Conclusion: Cardiac examination as part of compulsory health screening at primary school entry will help detect children with CHD, reduce delay in diagnosis for intervention, avert debilitating morbidity and assure a better quality of life.
Congenital heart diseases (CHD) are of public health concern worldwide as they contribute significantly to childhood morbidity and mortality [1,2]. This is particularly so in developing countries, especially in sub-Saharan Africa, where non-communicable diseases in the paediatric age group are emerging major health and socioeconomic issues but facilities for early diagnosis and management are often lacking [2-6]. Congenital heart diseases (CHD) account for 8-12 / 1000 live births and approximately 30% to 40% of all congenital defects worldwide, occurring either in isolation or as part of other syndromic anomalies [7-9].
Children with CHD, especially those with critical lesions, usually present early in neonatal period, infancy and early childhood with increasing severity of their morbid state that often result in early mortality without intervention [2]. Some children with less severe lesions may survive beyond early childhood into adolescence and even adulthood, albeit with increasing morbidity and functional incapacity that result in poor quality of life and psychosocial drain for the affected individuals and also constitute appreciable financial burden on the family and community [2,10].
Children with CHD, whose diagnosis were missed in early childhood, could be found in schools and may be symptomatic with fast breathing, cough and effort intolerance [11,12]. Others with less critical lesion may be asymptomatic but have a cardiac murmur detected during routine examination [13,14]. A heightened awareness of CHD and its presentation beyond early infancy or childhood may help detect these children within the context of the school health programme and bring their attention to a paediatric cardiologist to mitigate the development of fatal complications.

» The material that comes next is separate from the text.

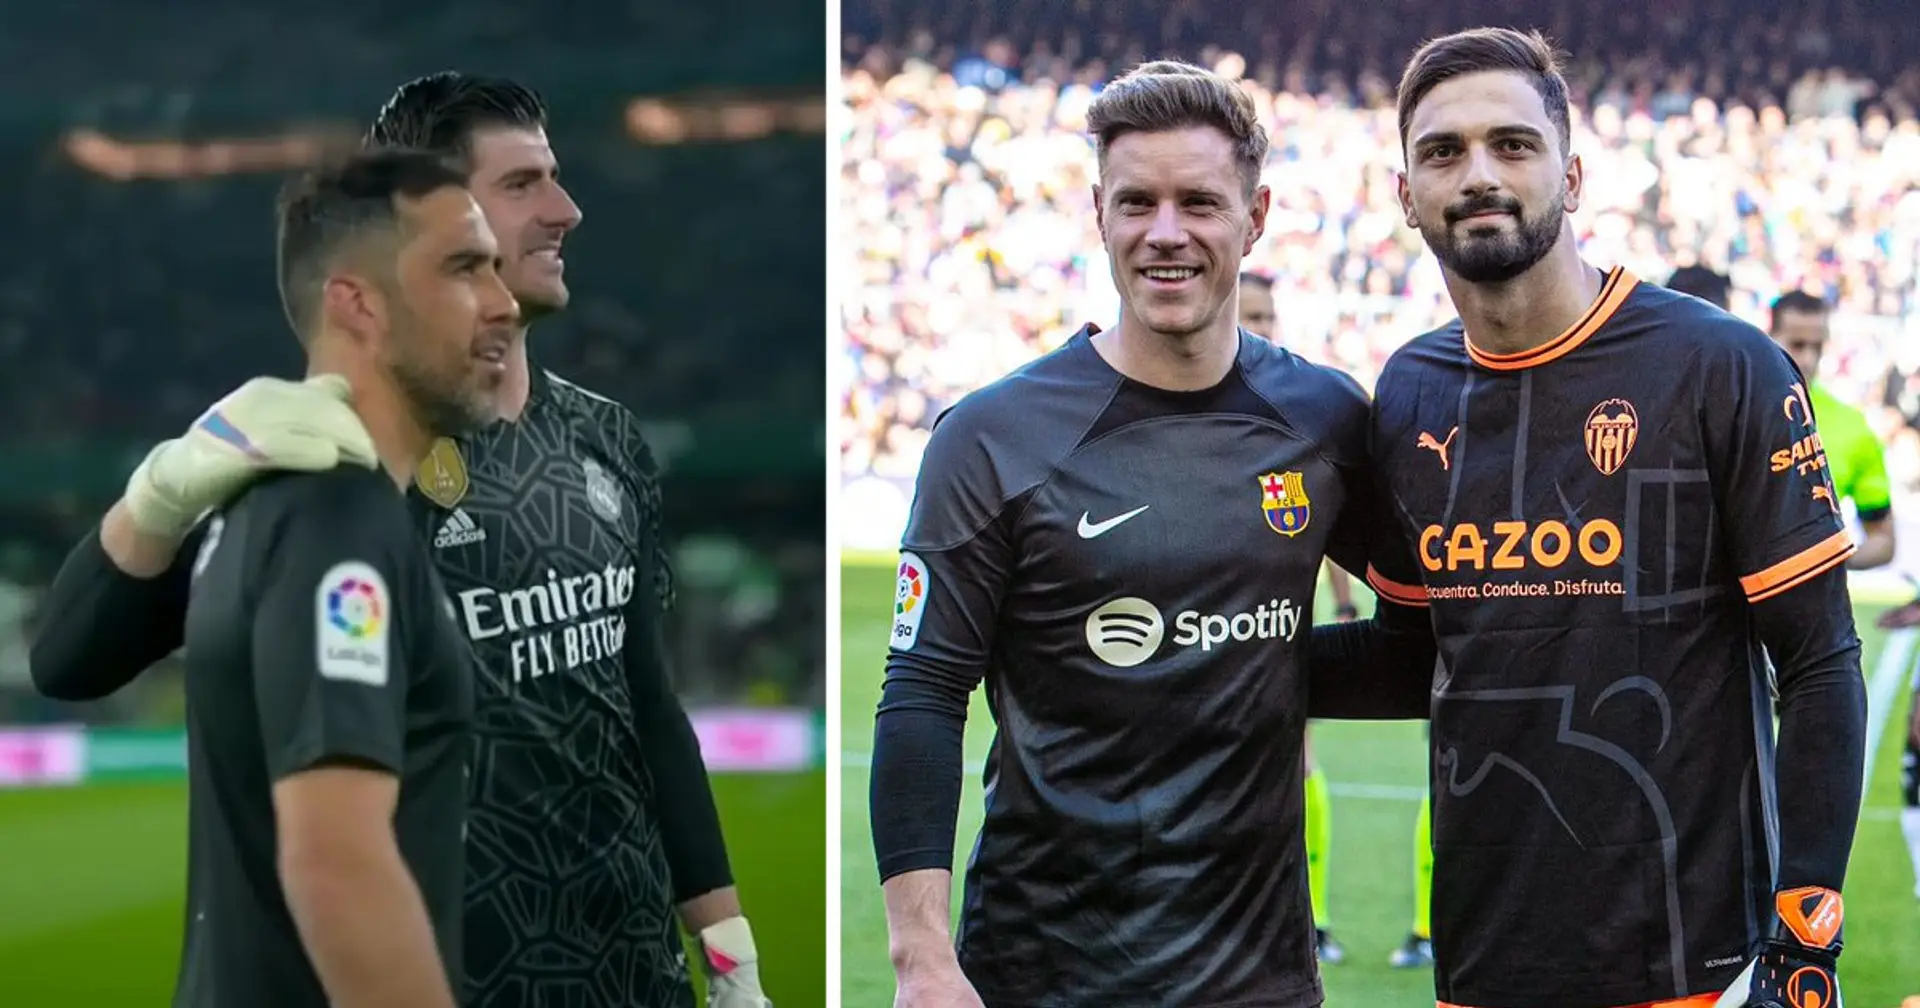 Explained: why did Ter Stegen and other La Liga goalkeepers wear black jerseys this weekend

Population-based studies on congenital heart diseases in Nigeria are scarce. Existing studies on CHD are mostly hospital-based and retrospective and thus may not be representative of the true burden of the disease. The only Nigerian study which has reported the prevalence of CHD among school children is that by Yilgwan, et al. [15], in Jos, Plateau State, where CHD prevalence was found to be 0.72%. Congenital heart disease has been demonstrated to be a major cause of sudden death in school children, especially where routine screening is not the norm [16].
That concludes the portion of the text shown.